I created a simple autograd function, let’s call it F (based on torch.autograd.Function).
What’s the difference between calling
a = F.apply(args)
and instantiating, then calling, like this :
f = F()
a = f(args)
The two versions seem to be used in pytorch code, and in examples
This difference is that instantiating + calling the
Function works with “old style” functions (which are going to be deprecated in the future).
.apply is for the “new style” functions. You can differentiate the two easily: new style functions are defined with only
@staticmethod, while old style ones have an
Ok, I see, thanks. Since I want to have a scalar parameter for my function, if I want to use the new style, I need to pass it as an argument to the forward then, and save it for backwards ?
I did this :
def __init__(self, gamma=0.1):
self.gamma = gamma
def forward(self, args):
def backward(self, args):
What you wrote is an old style function.
The equivalent new style would be:
def forward(ctx, args, gamma):
ctx.gamma = gamma
def backward(ctx, args):
# Using your old style Function from your code sample:
# Using the new style Function:
Thank you very much !
And so everytime I call F.apply, a new “instance” will be created with its own context ?
Can I save intermediary results with ctx.intermediary = intermediary ?
If I call several times the function before doing a backward pass, will it override the gamma attribute each time, and the intermediary results I saved with ctx ?
Each call to
.apply will have a different context. So you can save everything you need in it without risk.

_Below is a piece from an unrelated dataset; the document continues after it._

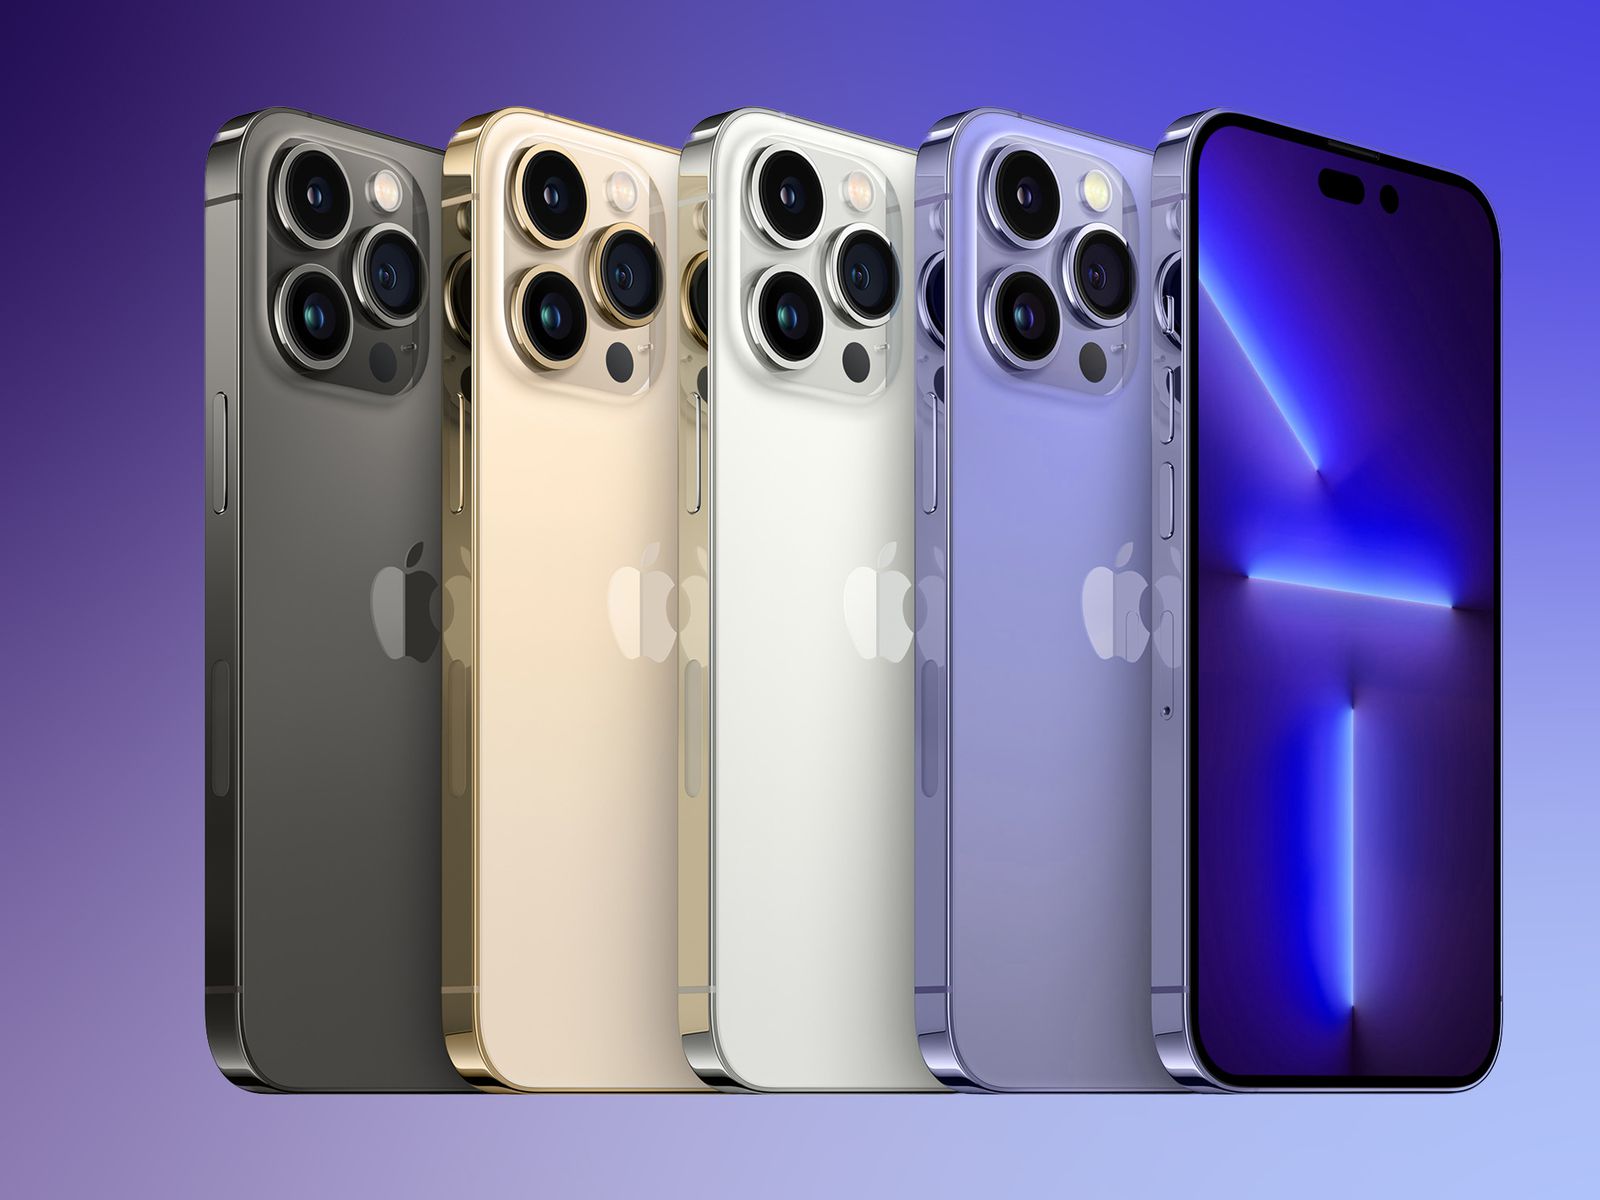 Với màu tím tươi thắm, iPhone 14 phiên bản màu tím nhạt sẽ mang đến cho bạn cảm giác mới lạ và đầy phấn khích. Hãy đến và khám phá hình ảnh của iPhone 14 màu tím để tận hưởng thiết kế ấn tượng của sản phẩm này!

Note that if you need to save input or outputs, you should use the
Ok, why do we need to use
save_for_backward for this ? Is it just a convention ? Or does it performs additional checks ?
But intermediary tensors are fine to save, right ? I tried to save some with
save_for_backwards but it failed, so I saved them as attributes in self (ctx now)
save_for_backward is just for input and outputs, it allows to perform additional checks (make sure that you don’t create non-collectable cycles). For intermediary results, you can save them as attribute of the context yes.
Thanks, it much clear now !
What version does the new style appear?
If I remember correctly, it was for 0.2.0 to support higher order derivatives.
Hi Dear AlbanD, @albanD
It seems the staticmethod is faster than the old sttyle function (ctx comparing with self).
But what if I need to output some auxiliary output in the forward pass, which does not need to receive its gradient?
In the old style, what I do is to create another instance method which is separate from the forward pass.
A more concrete example:
def some_func(self, x2):
//self.x is also needed here
def forward(self, x):
self.x = x
z1 = self.some_func(self.x)
def backward(self, y.grad):
y = F()(x)
z2 = F()(x2)
Is there a way that this old styled can be re-rewriten into the new style (using ‘ctx’)?
Thanks a lot!
This is not what Function are made for. All arguments must be given as input to the forward function.
To get this behavior, you can simply create an
nn.Module which can do whatever you want.
Yeah, my current solution is using
nn.module, but comparing with
ctx, it is much more slower…The reason I use
torch.autograd.Function is because I need to write my own derivative.
Maybe my description was not very precise. Taking
torch.autograd.Function as an example, what I am seeking to do is:
def some_func(z1, x2):
//x2 is also needed here
def forward(ctx, x, x2):
z1 = F.some_func3(x)
y = z1**2
z2 = F.some_func(z1, x)
u = F.some_func2(y) \\derivative wrt x
return y, z2
def backward(ctx, y.grad, dummygrad):
u, = ctx.saved_tensors
return u, None
In this case, I do not need x2’s derivative, but I need to output z2 in the forward pass to save some computation cost in the intermediate values.
Well, my way of writing actually seems working.
Inside this forward function can I use register buffers?
I can’t use self.register_buffer for sure. Also ctx.register_buffer doesn’t work.
What is correct way to define register buffer in forward?
.register_buffer() is a function on nn.Modules, not autograd.Function.
These are two completely different constructs. And you won’t need any buffer for custom Function as it is not a class instance, you should just create the Tensor you need during the forward.
Hi @albanD ,
If I will just create a tensor how will that tensor be moved to GPU?
I don’t want to use .to(device) because that won’t work with DataParallel.
Are you saying that all the tensors defined under autograd.Function will be automatically taken to device when I will do model.cuda() or torch.nn.DataParallel(model)?
mytensor = torch.tensor()
So a model defined using above class (Myclass) when taken to device (by model.cuda() or torch.nn.DataParallel(model)) will take all the tensors in forward to the device?
I think I might have to create a tensor using register_buffer outside this forward function and then pass it to forward so that my tensors can be used with torch.nn.DataParallel and can be taken to device.